Quote the listing below in full and exactly as written, but omit every picture.

- [Given information]:
§

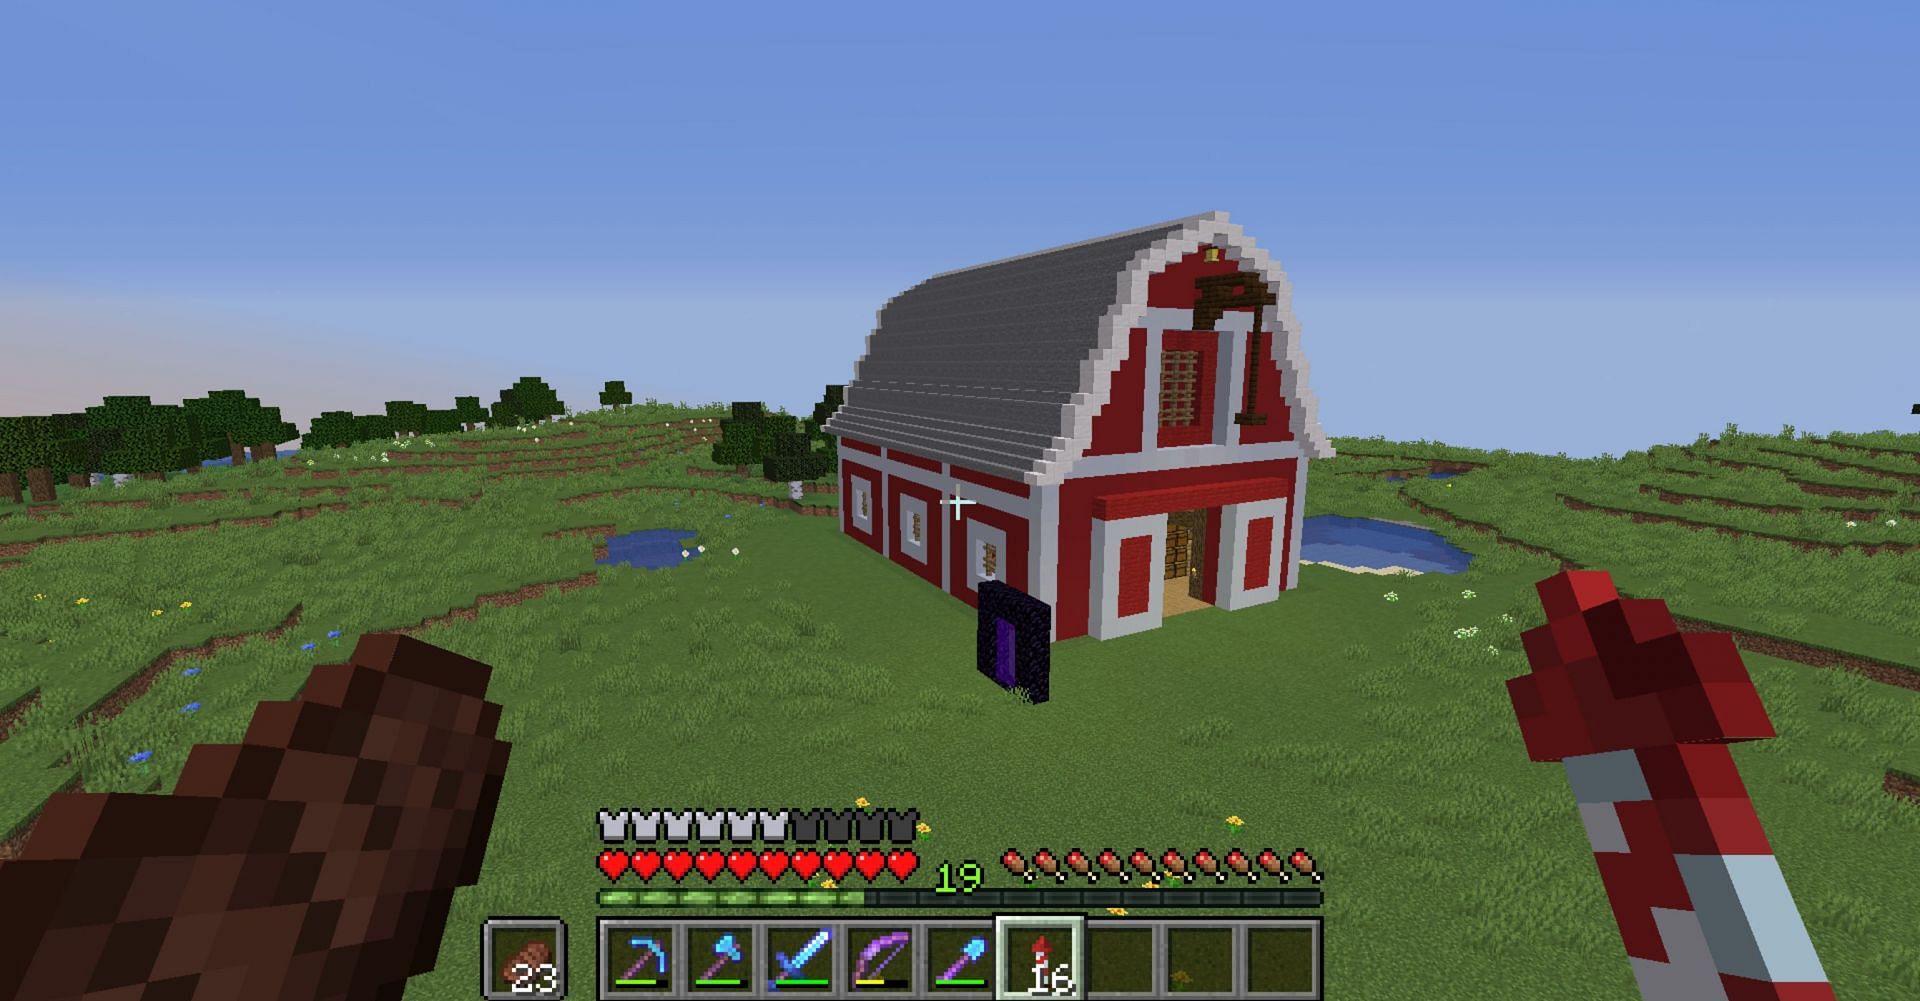 Barns in Minecraft come in many shapes and sizes (Image via u/CraaZzy__/Reddit)
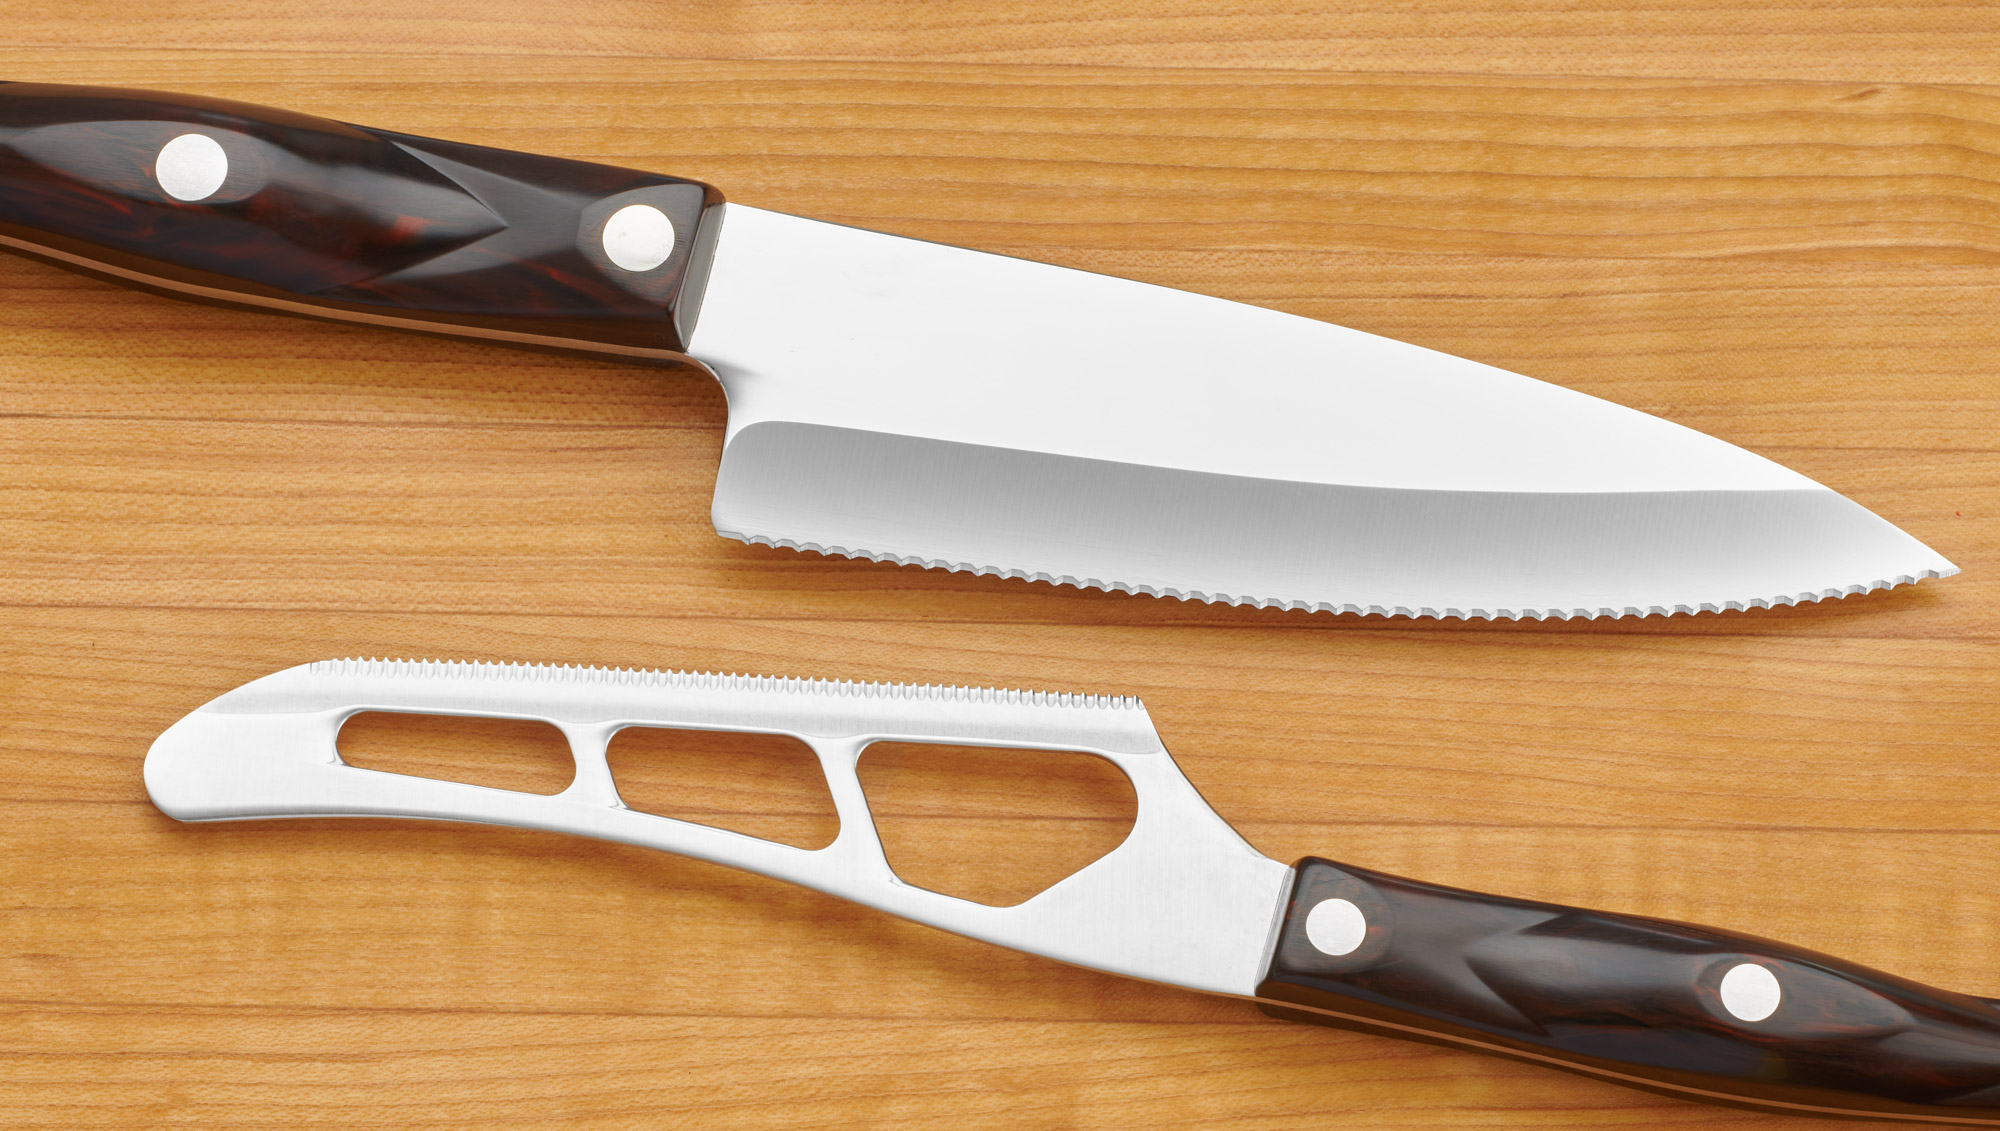 5 Simple Tips To Take Care Of Kitchen Knives
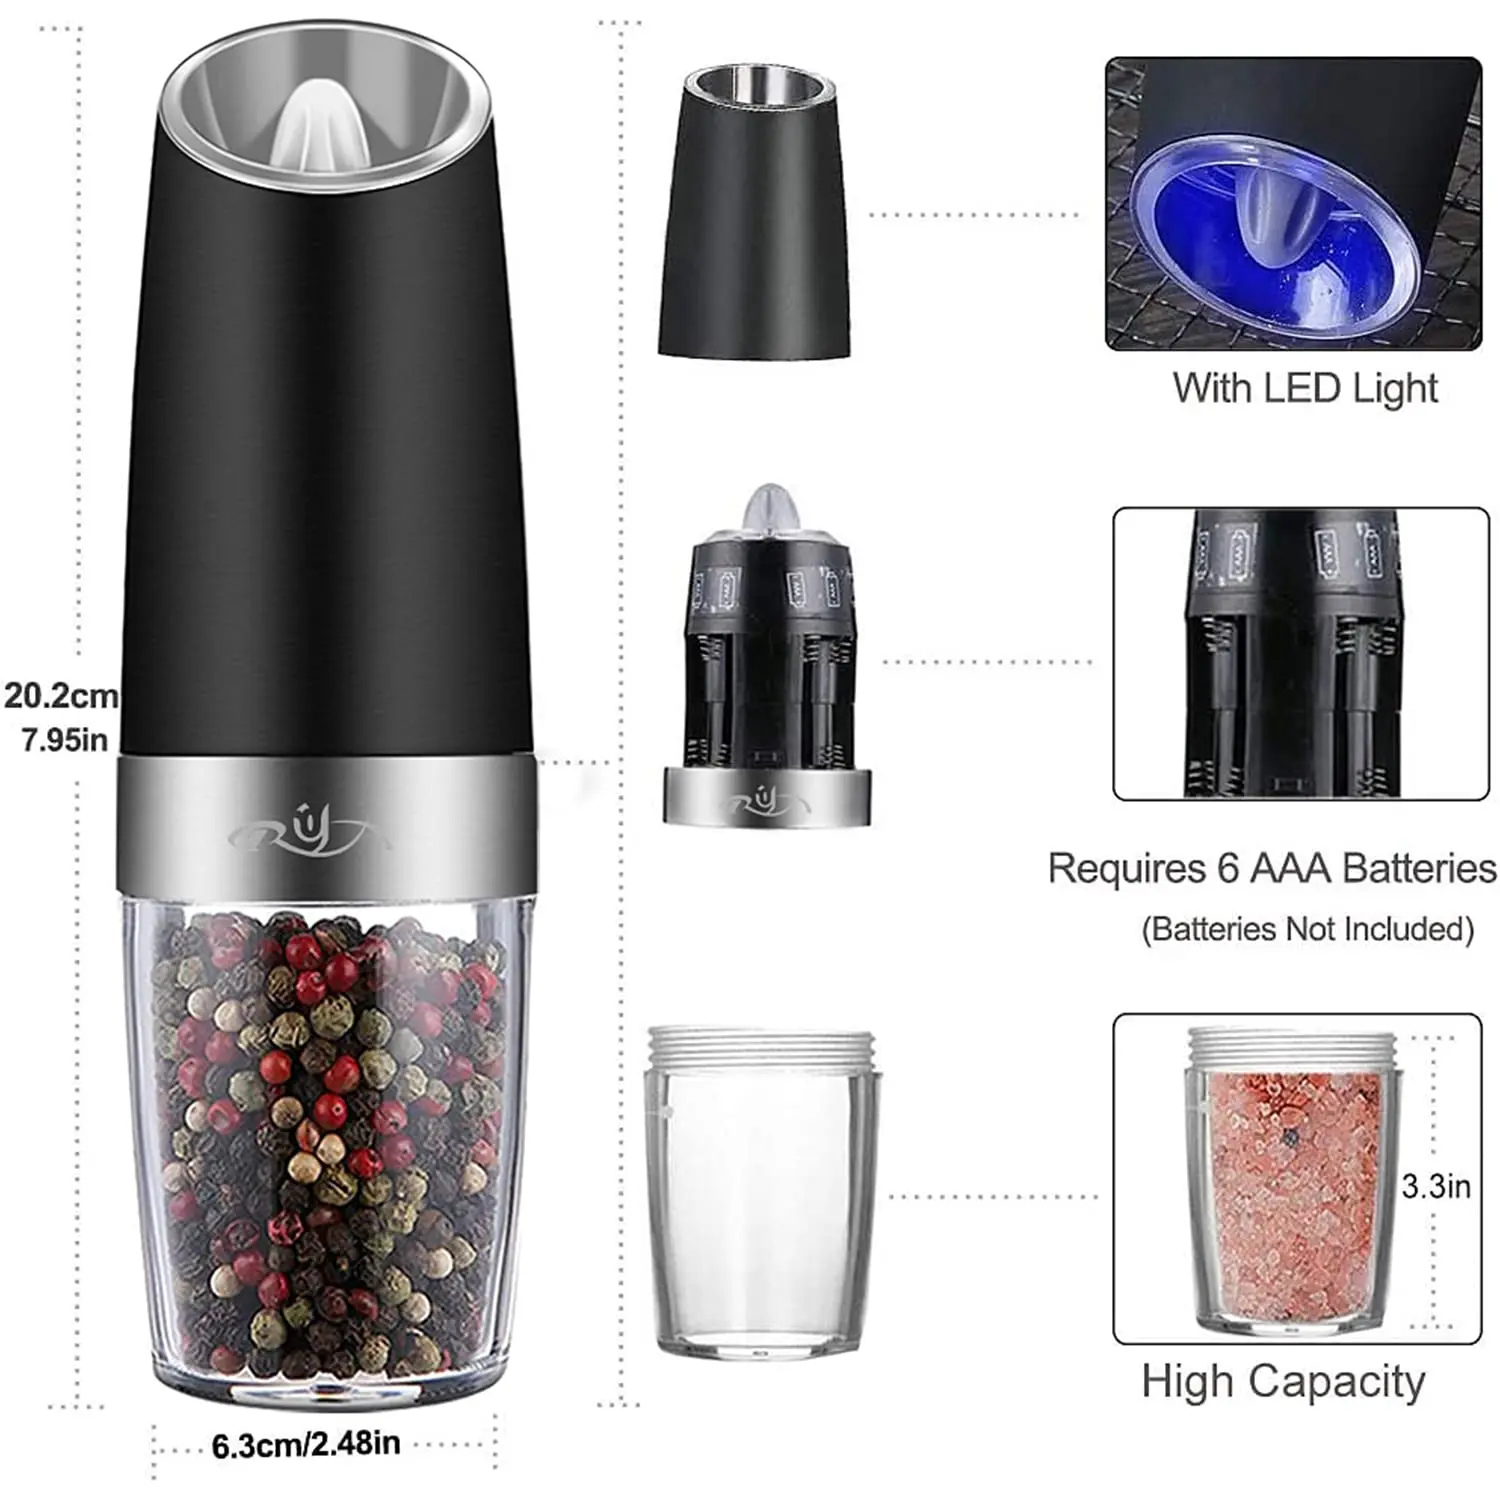 https://ae01.alicdn.com/kf/Sd2539bcbbe314865b36af35993abfda31/Buyyes-Set-Electric-Pepper-Mill-Stainless-Steel-Automatic-Gravity-Induction-Salt-and-Pepper-Grinder-Kitchen-Spice.jpg

§

- [Exercise result]:
 Barns in Minecraft come in many shapes and sizes (Image via u/CraaZzy__/Reddit)
 5 Simple Tips To Take Care Of Kitchen Knives
 https://ae01.alicdn.com/kf/Sd2539bcbbe314865b36af35993abfda31/Buyyes-Set-Electric-Pepper-Mill-Stainless-Steel-Automatic-Gravity-Induction-Salt-and-Pepper-Grinder-Kitchen-Spice.jpg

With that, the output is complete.